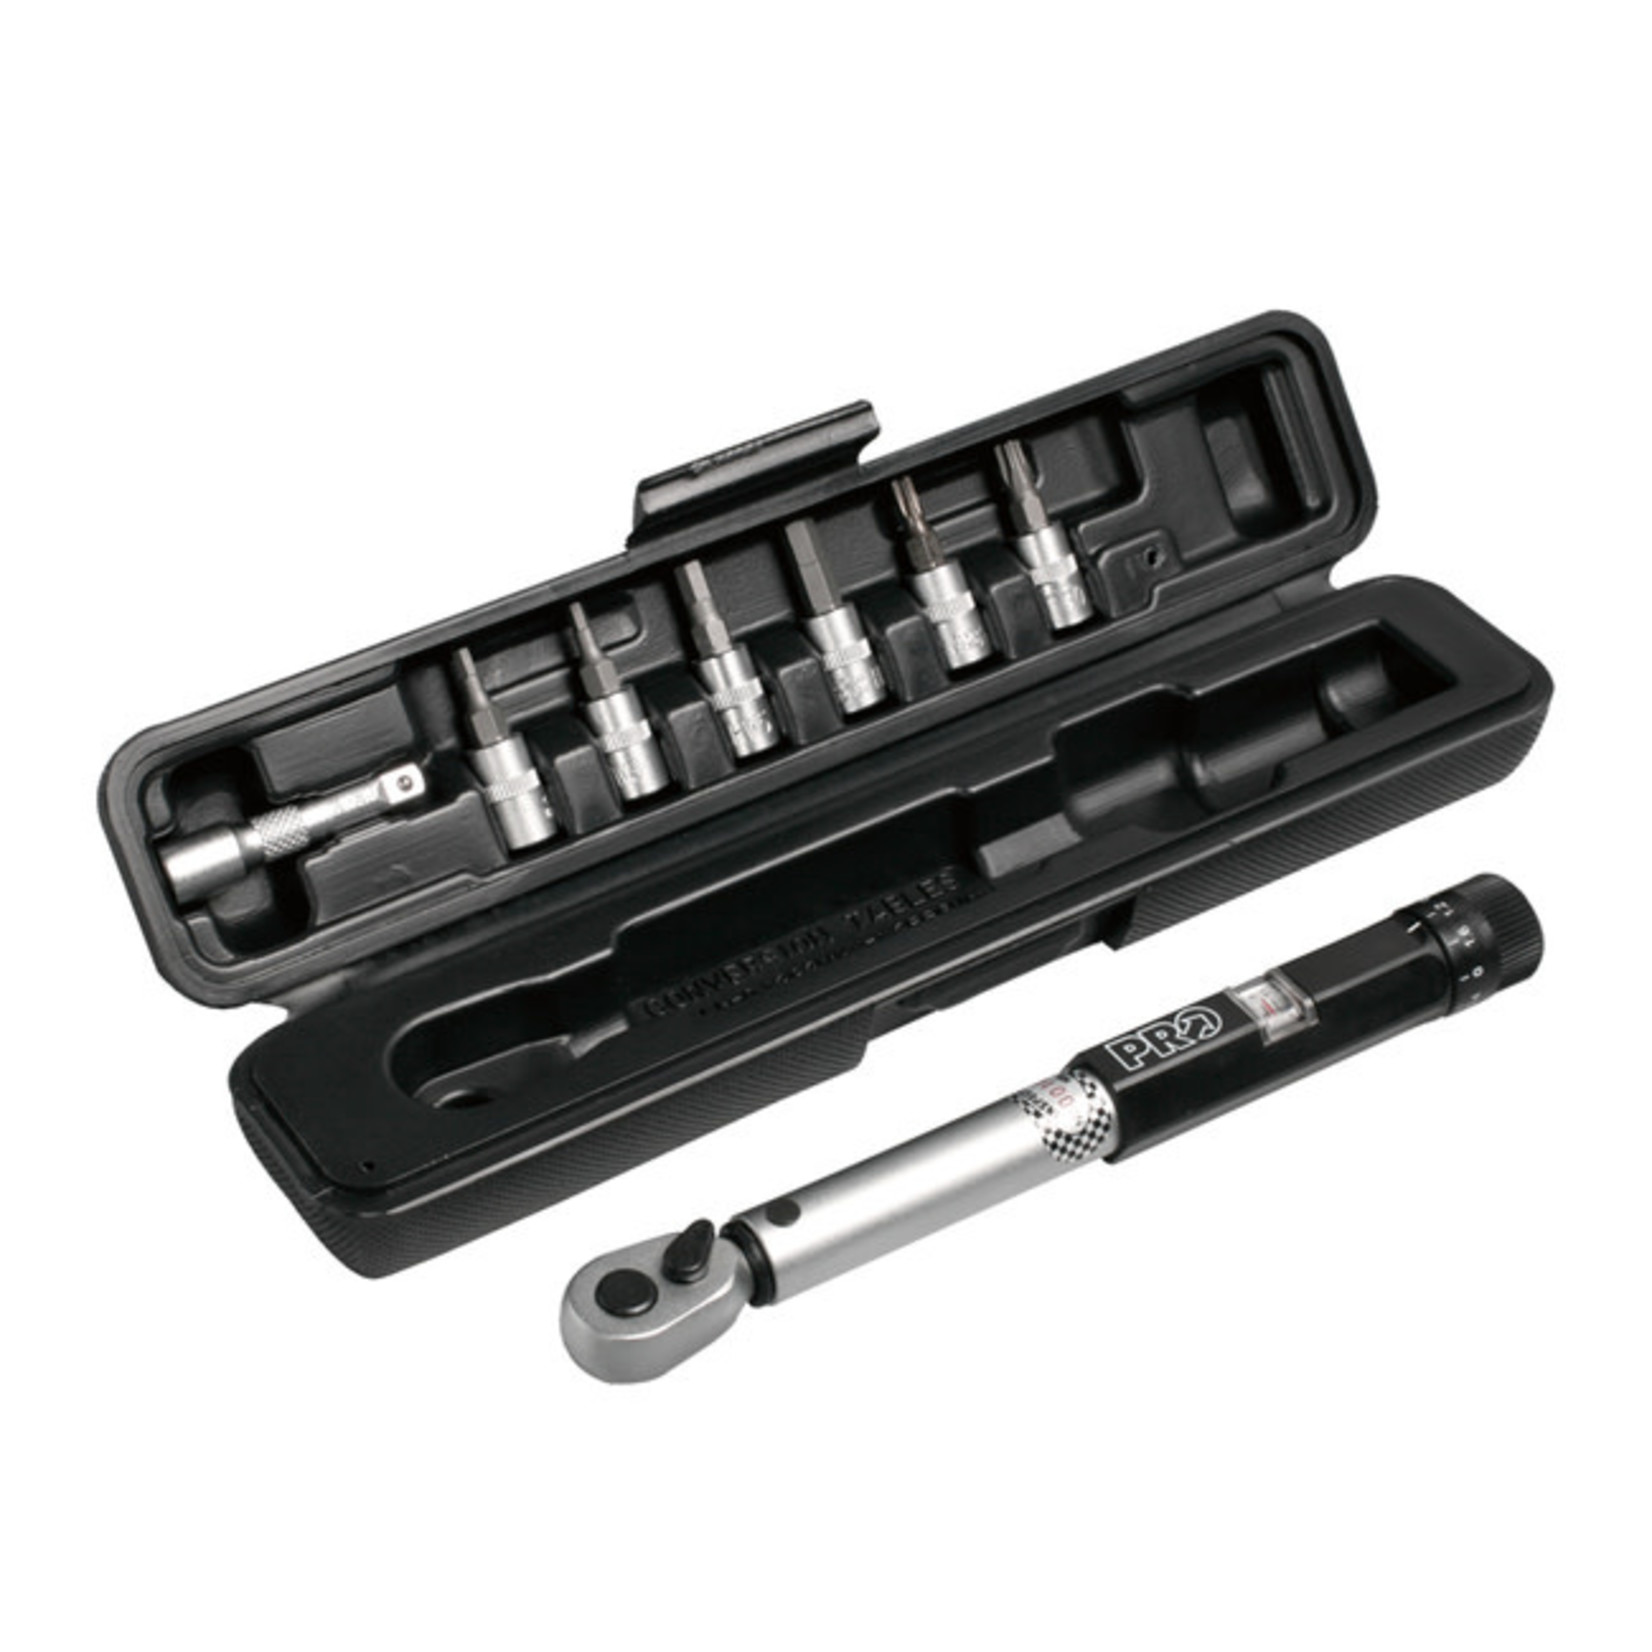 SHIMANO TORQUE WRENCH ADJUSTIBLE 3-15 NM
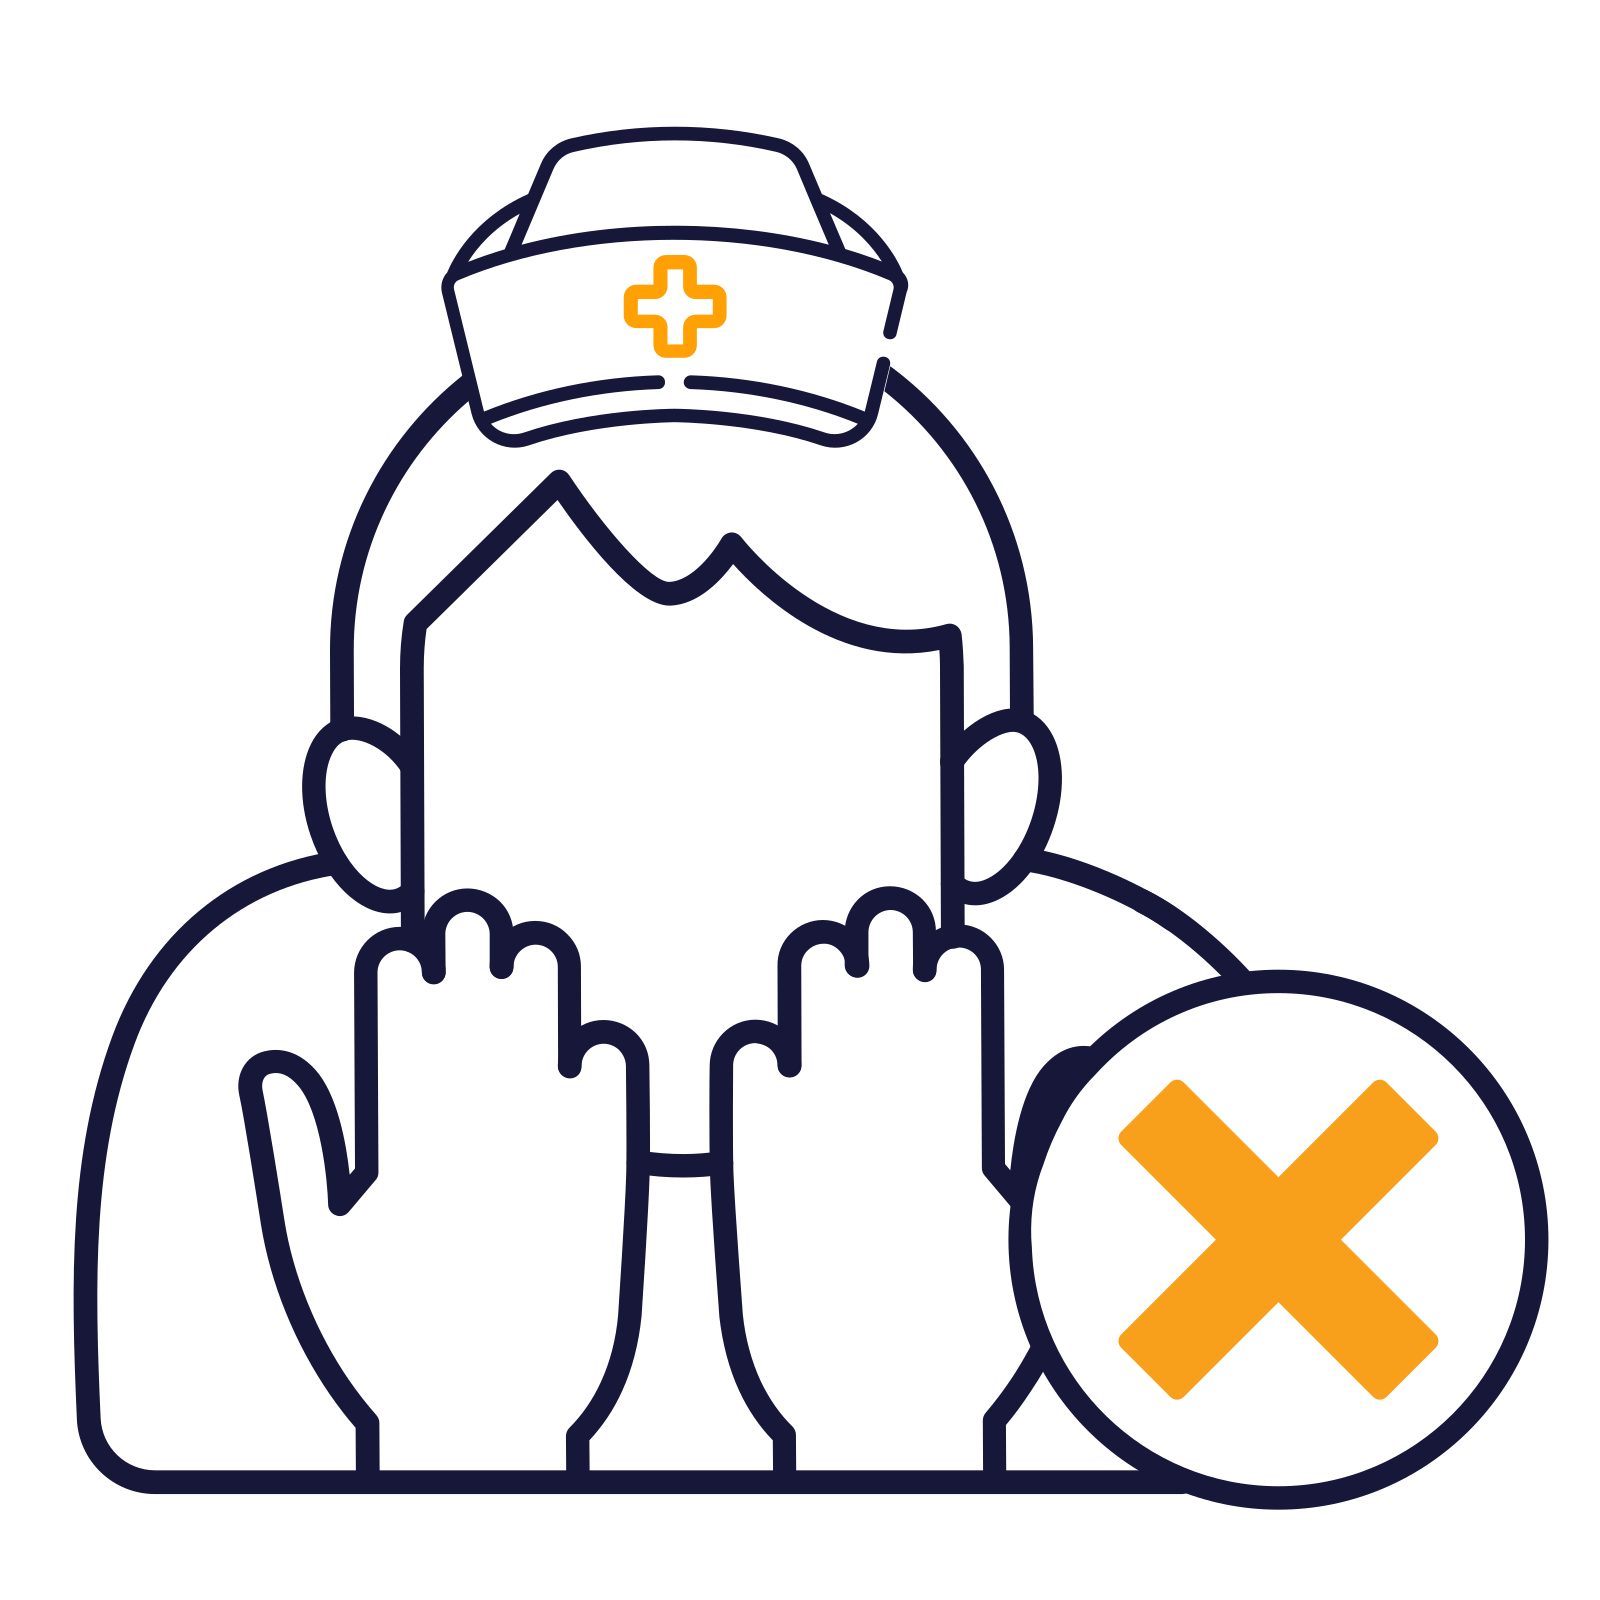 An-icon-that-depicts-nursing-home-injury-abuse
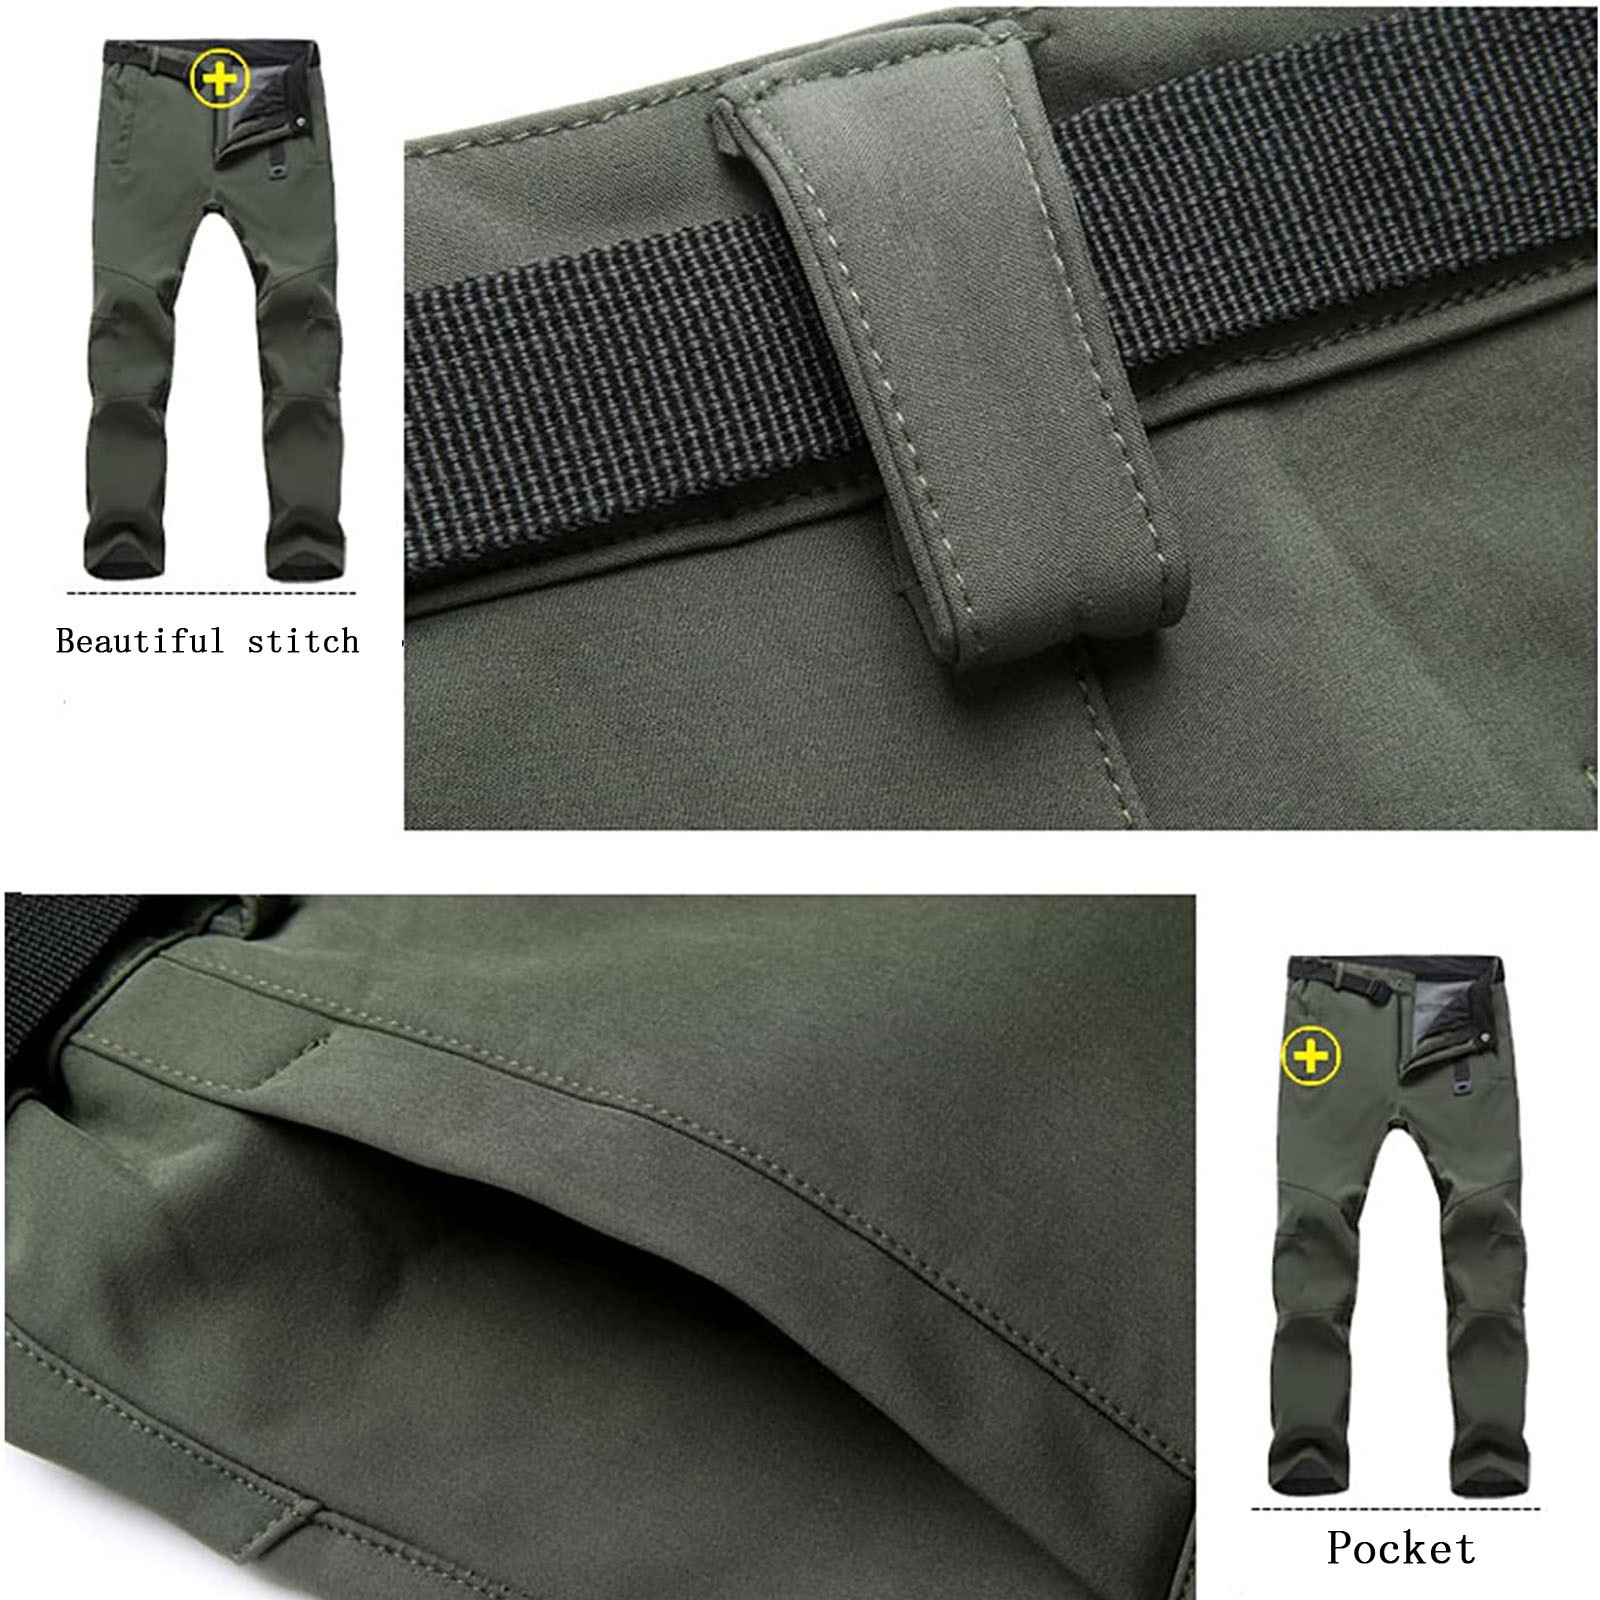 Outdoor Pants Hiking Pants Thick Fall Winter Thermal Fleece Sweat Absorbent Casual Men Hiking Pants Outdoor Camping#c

**WHAT TO PRODUCE**
Return only the lines from the one that contains "An-icon-that-depicts-nursing-home-injury-abuse" through the closing line of the data, inclusive, reproduced exactly and with every picture left out.

**SOLUTION FOR THIS TASK**
 An-icon-that-depicts-nursing-home-injury-abuse
 Outdoor Pants Hiking Pants Thick Fall Winter Thermal Fleece Sweat Absorbent Casual Men Hiking Pants Outdoor Camping#c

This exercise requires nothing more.